マネジメント・リーダーシップ

相手に変化を求める時に大切な3つのこと

他にもっと良いやり方があるのに。
もう少し工夫するともっと良くなるのに。

相手の「今」に対して、別の何かを提案したり変化を求めたい時、
相手もそれらを求めている状態なら聞く耳を持ち、
「とりあえずやってみよう」と受けて入れてくれるかもしれません。

しかし、相手にその気持ちが全くない時、
自分に変化の必要性を感じていない時、
そもそも人は変化を厭う傾向が強いので、
「なんで変えなきゃいけないの?」
「別に困ってないのに、ほうっておいて」
と拒否感や嫌悪感を抱いてしまうかもしれません。

相手に変化の提案をできるだけ受け入れてもらえるために気をつけたい
3つのポイントがあります。

1.相手を知る
2.理由を明確に伝える
3.比較しない

1.相手を知る

どんな場合にも相手をよく知ることは不可欠です。
あなたや周囲にとってのベストも、相手にとってそうでない場合があります。
苦手を提案することになるかもしれません。
あなたが気づいていない状況が他にあるかもしれません。

孫氏も言うように「彼を知り己を知れば百戦殆からず」です。
「知っているつもりで、実はよくは知らなかった」とならないよう、
まずは相手をよく知りましょう。

知った上で、あなたの提案が相手にとって真にベストかどうかを考えましょう。

あなたにとってのベストが相手のベストとは限りません。
その判断は、相手をよく知ることでしか分かり得ません。

2.理由を明確に伝える

あなたの提案を受け入れた方が良い明確な理由に
理屈の上でも心理的に納得できれば、その提案を拒む理由はありません。

「これでみんな上手くやってきているから、君もそうして。

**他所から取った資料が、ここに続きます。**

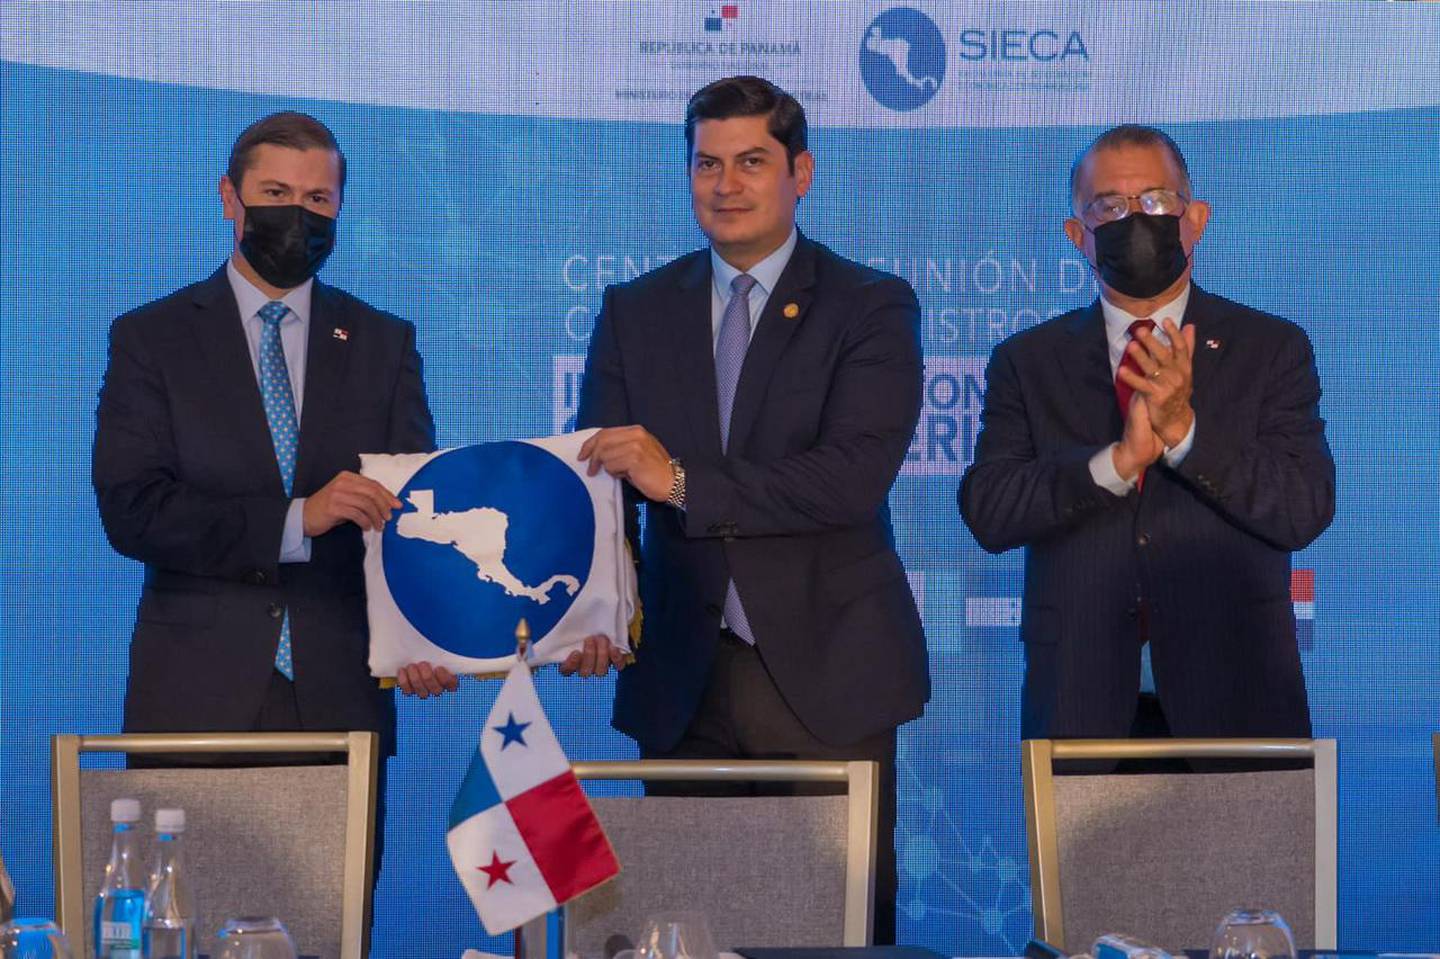 Janio Rosales, ministro de Economía de Guatemala (al centro) liderará la Comieco y del Subsistema de Integración Económica Centroamericana.dfd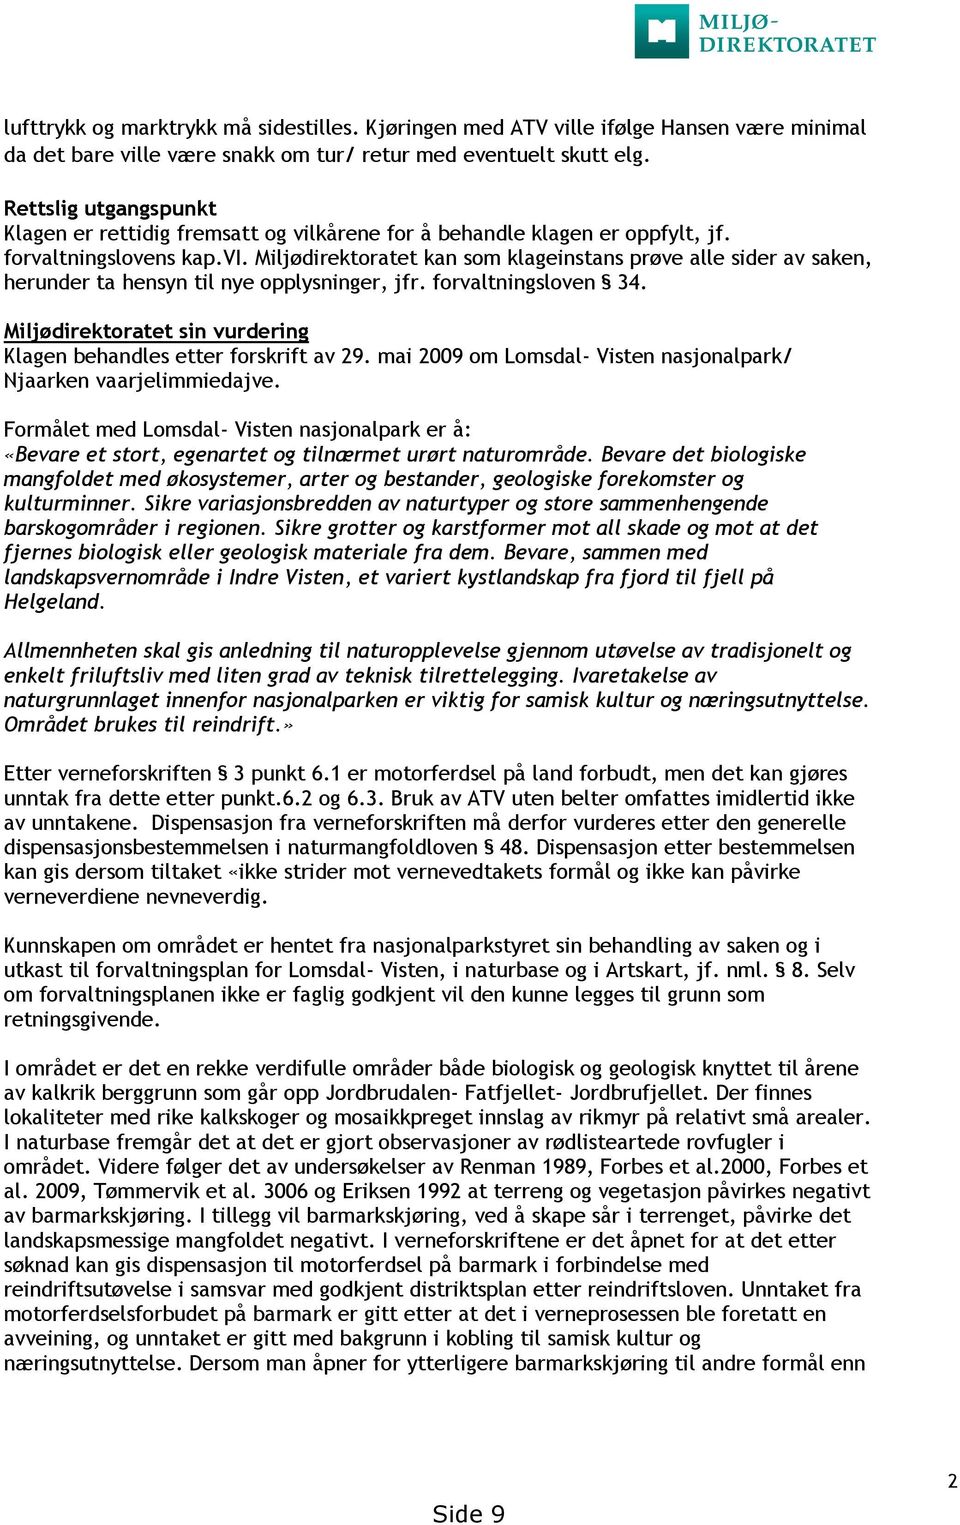 forvaltningsloven 34. Miljødirektoratet sin vurdering Klagen behandles etter forskrift av 29. mai 2009 om Lomsdal- Visten nasjonalpark/ Njaarken vaarjelimmiedajve.

」
「自分はこれをやって良かったから君もやった方が良いよ。」
これらは、何の説得力もありません。

重い腰を上げようと思うには、プラスの現実が未来になけければそう思いません。

それをした方が、今よりもゴール到達が早くなる。
今よりも困難が少し増すけど、今よりもゴール到達地点が高くなる。
今のやり方もマズくないけど、こちらの方が更に良い状況が生まれる確率が高い。

避けたいのは、今やこれまでを否定することです。

それじゃあ上手くいかない。
時間がかかるばっかりだ。

現実にそうであっても、今やこれまでを否定した時、
「自分自身を否定された」と相手が感じてしまっては元も子もありません。

今やこれまではともかく、「こっちがいいと思うよ。なぜならね。」と
better choiceを提案するのです。

3.比較しない

A社はこれで上手くいっているんだから、当社もこれでイケるはず。
Y君のやり方を見習って、君もやり方を変えた方が良い。

上手くいっている人や組織から学ぶことは大切です。
しかし、それをそのまんま真似るのは、相手をよく知った上で、
本当にそのまま真似ることが正しいかどうかの判断をしたうえでのことです。

何か提案を受ける時、人が一番イラっとしたり拒否感を覚えるのは、
誰か(何か)と比べられて、
「だから、君もそうした方が良い」と言われることだそうです。

私は私、あなたはあなた、A社はA社、Y君はY君。
比べて真似るのではなく、
あくまでも個人を知って、その上での最善(またはより良い方)の選択を
促さなければいけません。

「いくら言っても、頑固だから受け入れないんだよね」

あなたが誰かに対してこんな気持ちを抱く時、
「相手を知る」「理由を明確に伝える」「比較しない」の3つが
十分かどうかを検証してみてください。
意外な盲点は「相手を知る」です。
状況や事実のみを知るのでなく、相手の気持ちや価値観を知るなど、
知っているからこそ工夫できるアプローチの仕方があるというものです。